A few weekends ago, my wife and I took in some of the grandsons for a sleepover. It was a chance for their parents to enjoy a summer getaway. It was a chance to wean the grandkids away from Mom and Dad. It was a chance for us to get better acquainted with a bunch of boys under our roof for two or three days. On the first day, we outlined an in-house rule.
“No iPhones, tablets or computers until after 4 p.m.,” I announced.
“That’s the curfew at home,” one of the boys said.
“Same rules here,” I said.
I find it quite amazing that these children – after a year of virtual on-line learning (that is, eyes glued to laptop or desktop computers from 9 a.m. to 3 p.m., five days a week) – still have such voracious appetites for video-game content. The topic does not appear in the policy literature of any of the federal political parties.
But I firmly believe that politicians of every region and stripe had better be prepared to face one of the worst side-effects of the COVID outbreak. I consider deteriorating mental and physical health of school-age children the result of continuous virtual learning (being planted in front of computer screens instead of actual classrooms) the hidden pandemic of our time.
Back to my weekend grandchild-rearing challenge. Having ripped the boys’ computers from their hands for the bulk of the day, my Job One was to find leisure pursuits other than those found in the black hole of video gaming. The first distraction I found was a clean-up job in the garage. And didn’t the boy’s grandmother need her gardening corner cleaned out and put back together.
Well, that lasted until all I heard was “I’m tired of cleaning.” Or, “Gee, this is boring.” Clearly, the concepts of completing household chores, or earning their leisure time remains to be taught. Thankfully, a lunch prepared by their grandmother came to the rescue.
I’m not a psychologist or pediatrician, but I believe after nearly two years of isolation, our grandkids have not enjoyed enough healthy contact with their peers. Experts call it “socialization.” Children have been cooped inside for months on end, isolated from one another. Authorities have closed their playgrounds. And if they do see other children, they’re all masked.
A story in the Washington Post reported children being reprimanded and sent home simply for building a snowman with other children!
Sources in the Post story go on to say that severe play deprivation, during the first 10 years of life, is linked to what’s called “emotional dysregulation.” In terms you and I can understand, that means kids are more depressed; they’re inflexible in thought; they can’t control their aggression; and they don’t relate to each other very well.
“The opposite of play is not work,” developmental psychologist Brian Sutton-Smith told the Post. “It is depression.”
“How ’bout some soccer, guys?” I asked enthusiastically after lunch.

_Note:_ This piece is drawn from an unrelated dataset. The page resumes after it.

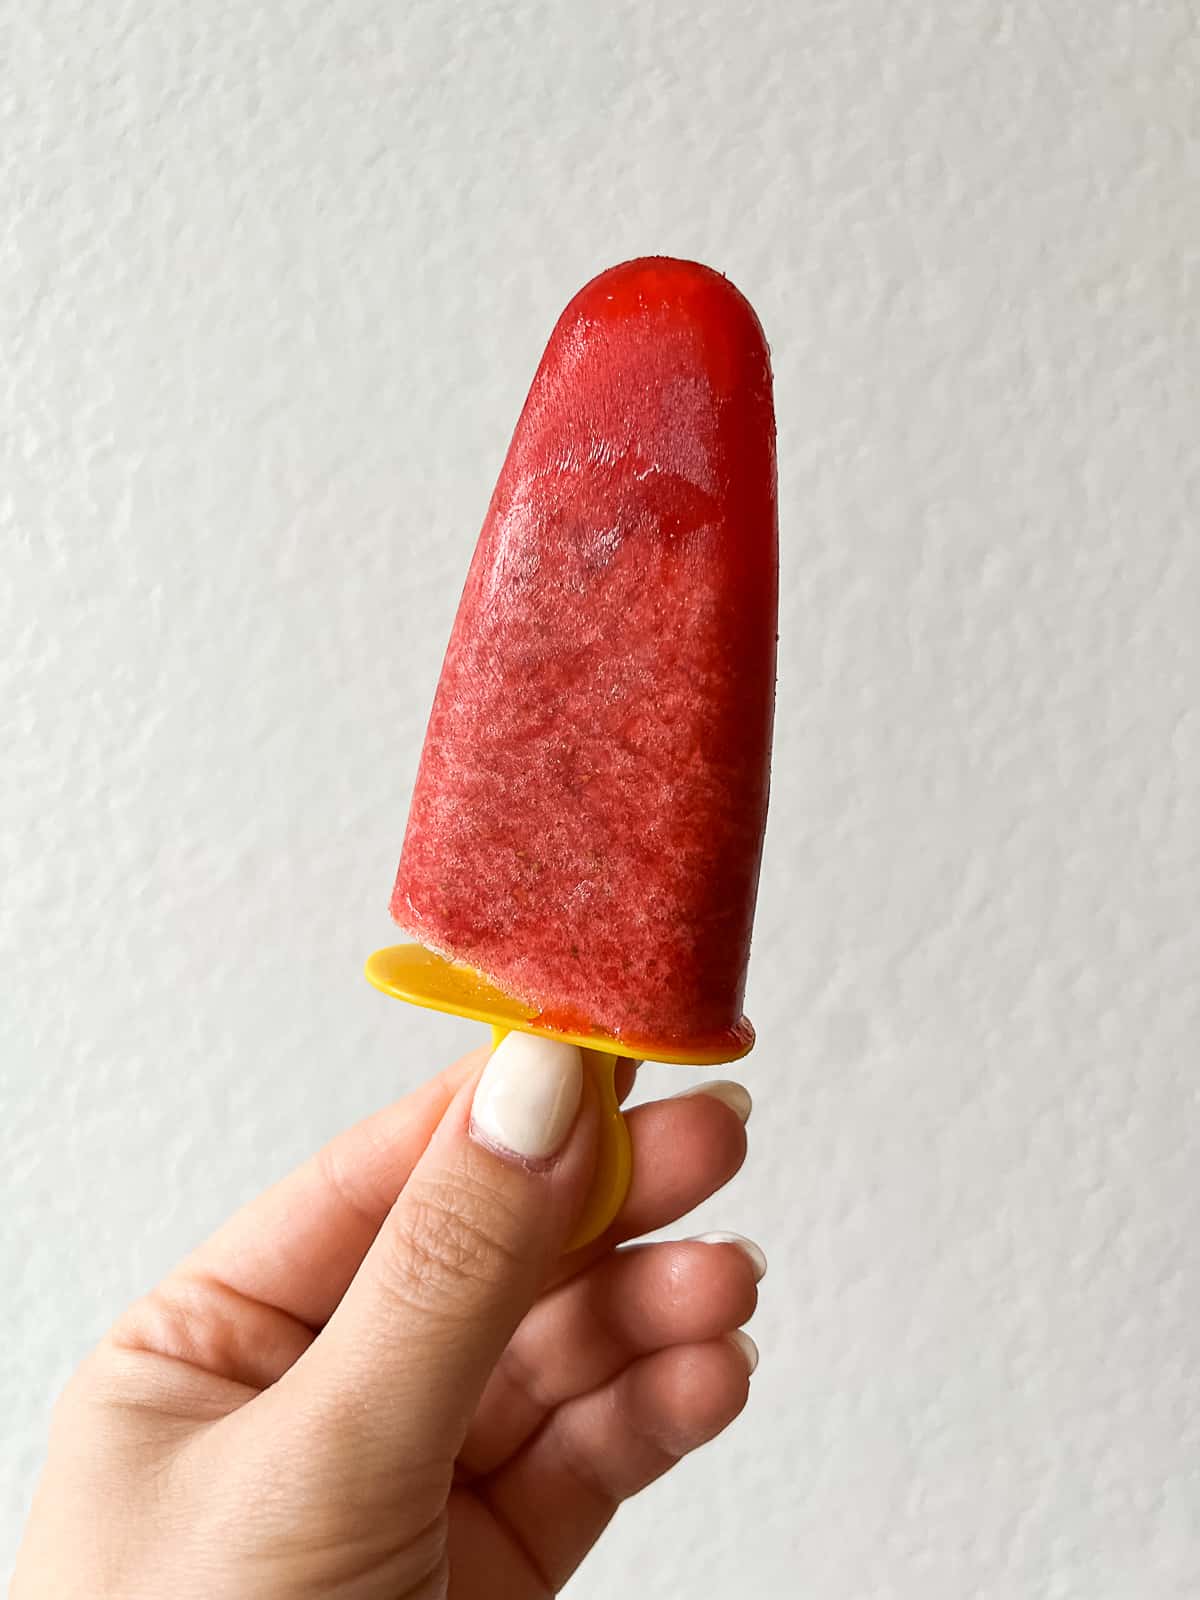 Holding a homemade popsicle on Ikea popsicle mold stick

That was good for about 15 minutes. Then, they needed a drink. I invited them to help me build a backyard toy my wife brought home in a box – Ladder Ball. For the uninitiated (as I was), it’s two self-standing ladders, each with three rungs, at which each player tosses bolos – two golf-ball-sized rubber balls on either end of a foot-long string. The construction of the ladders, etc., took me about 20 minutes. Boredom struck about 10 minutes after I’d set up the apparatus.
I didn’t want to use that line our parents did – “There are deprived kids in Eastern Europe, you know. So, be thankful for what you’ve got.” But, I could have. That same Post story quoted a research project at a Romanian pediatric hospital during the pandemic.
Valerie Strauss reported that children, ranging in age from one to 10, had suffered chronic neglect and abuse, some even tied to a cot. When the children were suddenly allowed contact with other children, their fine motor skills improved, and they played in creative ways, fully engaged with other children.
The solution? “Unfettered playful interaction among the children themselves,” the study said.
Anyway, late that afternoon of the first day tending our grandsons, when I’d literally run out of options, the boys’ cousins arrived. All five boys now made their way to a slack line (complete with monkey rings, ladders and swings) which has hung in our backyard pretty much unused most of the summer.
Within minutes, the boys had gathered there, invented their own Olympic Games venue, a series of skill-testing stunts on the slack line, and even a panel of judges (including me) to determine a winner. They’d proven the experts right. Children can improve each other’s mental state while playing.
Paying attention, federal candidates?